The South African Revenue Service (“SARS”) often sends out information requests in terms of section 46 of the Tax Administration Act. The question arises, in what circumstances SARS is permitted to ask such questions and what limits exist in respect of their powers?

The Tax Administration Act has recently been amended by the Tax Administration Laws Amendment Act, 2014. This made certain changes to SARS’ powers to request information from a taxpayer.

Section 46(1) of the Tax Administration Act states that:

“SARS may, for the purposes of the administration of a tax Act in relation to a taxpayer, whether identified by name or otherwise objectively identifiable, require the taxpayer or another person to, within a reasonable period, submit relevant material (whether orally or in writing) that SARS requires”.

In terms of the Tax Administration Act the definition of “relevant material” reads as follows:

“any information, document or thing that in the opinion of SARS is foreseeably relevant for the administration of a tax Act as referred to in section 3”.

Section 3(2) of the Tax Administration Act states that “administration of a tax Act” means, inter alia, to obtain full information in relation to anything that may affect the liability of a person for tax in respect of a previous, current or future tax period.

In terms of section 46(6) of the Tax Administration Act, relevant material required by SARS under this section must be referred to with “reasonable specificity”.

As noted above, SARS may only request information that is “relevant material”. This definition refers to information which is “foreseeably relevant” for the administration of a tax Act.

The Explanatory Memorandum to the Tax Administration Act sets out certain comments in relation to the test of what is “foreseeably relevant”:

“According to the literature, the test of what is foreseeably relevant for domestic tax application would have a low threshold, and the application of what is ‘‘foreseeably relevant’’ follows the following broad grounds:

  • whether at the time of the request there is a reasonable possibility that the material is relevant to the purpose sought;  whether the required material, once provided, actually proves to be relevant is immaterial;  
  • an information request may not be declined in cases where a definite determination of relevance of the material to an ongoing audit or investigation can only be made following receipt of the material;
  • there need not be a clear and certain connection between the material and the purpose, but a rational possibility that the material will be relevant to the purpose; and
  • the approach is to order production first and allow a definite determination to occur later”.

The test of what is reasonably foreseeably should not permit “fishing expeditions” or requests for information that are unlikely to be relevant to the tax affairs of a given taxpayer.

The Explanatory Memorandum states that:

“The fact that SARS determines what relevant material is required for purposes of the administration of a tax Act does not mean that the taxpayer has no remedies during, for example, the audit process. It is submitted that a taxpayer would have the following remedies:

  • Request SARS to withdraw or amend decision to request material - section 9 of the Tax Administration Act, 2011;
  • Pursue the internal administrative complaints resolution process of SARS;
  • Approach the Tax Ombud;
  • Approach the Public Protector”.

A further potential remedy available to a taxpayer would be to bring an application for review on the basis that the request for information by SARS constitutes unfair administrative action under the Promotion of Administrative Justice Act.

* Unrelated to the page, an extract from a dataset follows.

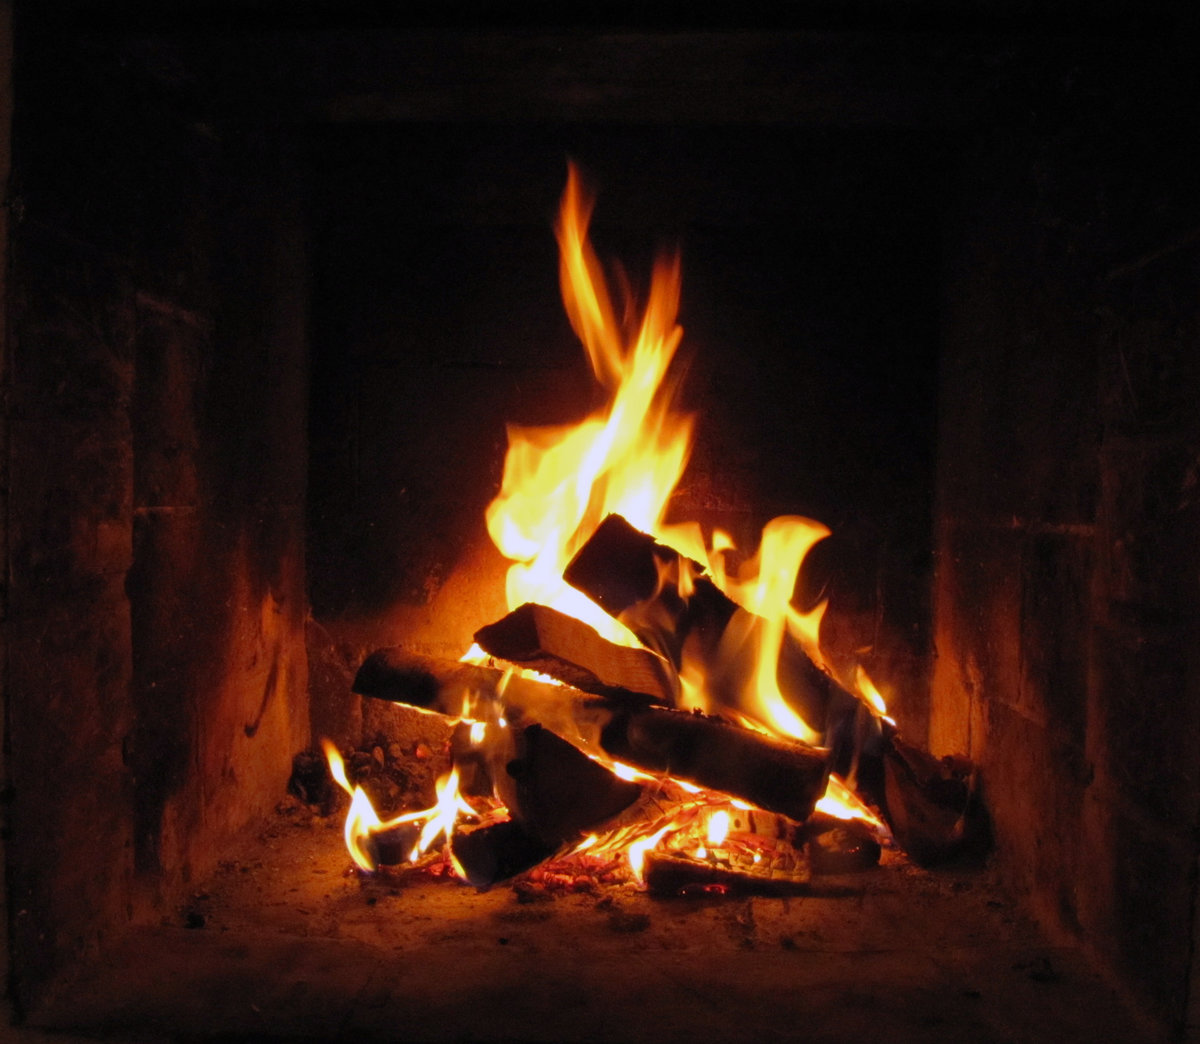 Картинка огня в камине распечатать на белом

It can therefore be seen that SARS has wide powers to request information from taxpayers. It may now request information or documents that, in SARS’ opinion, is foreseeably relevant in order to obtain information in relation to anything that may affect the liability of a person (not necessarily the taxpayer) in respect of a previous, current or even a future tax period.

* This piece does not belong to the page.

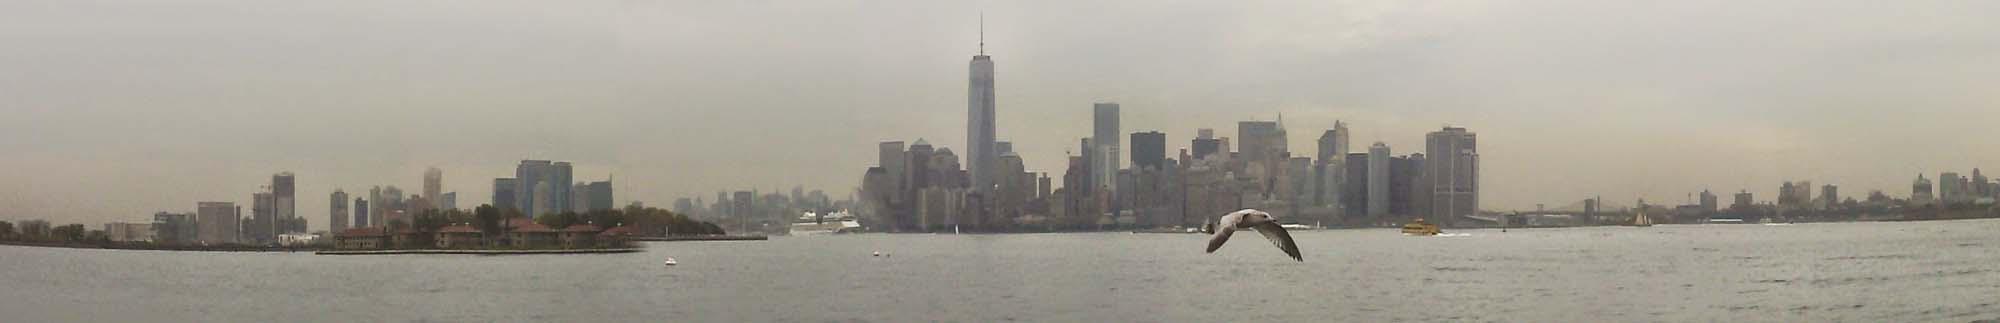 USA, New York, Manhattan, panorama

However, these powers are not unfettered and do not, for example, permit SARS to embark on a fishing expedition outside the scope of these powers.

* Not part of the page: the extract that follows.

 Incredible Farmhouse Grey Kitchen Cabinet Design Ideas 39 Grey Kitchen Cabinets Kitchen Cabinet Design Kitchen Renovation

In addition it should be noted that the reportable arrangement provisions have been amended. In particular, in terms of a notice which came out in March, various transactions are now reportable.

This notice broadly covers, inter alia, the following categories of transactions:

  • transactions which would have fallen into the provisions of section 8E of the Income Tax Act if the prescribed period in that section was 10 years (instead of 3 years). It also covers a “hybrid debt instrument” as contemplated in section 8F of the Act if the prescribed period in that section was 10 years.
  • An arrangement in terms of which a company buys back shares on or after 16 March 2015 for an amount exceeding R10 million and the company issued or is required to issue shares within 12 months of the buy-back.
  • An arrangement in terms of which a resident makes a contribution or payment to a non-resident trust and has or acquires a “beneficial interest” in that trust and the amount of payments or the value of the “beneficial interest” exceeds R10 million.
  • An arrangement in terms of which a person/s acquires a controlling interest in the company that has a balance of assessed loss or an assessed loss of R50 million or which holds a controlling interest in such a company.

The publication of the notice significantly amends the circumstances in terms of which a transaction may constitute a “reportable arrangement”. It expands the transactions which fall within the provisions of section 35(2) of the Tax Administration Act and which must be reported to SARS.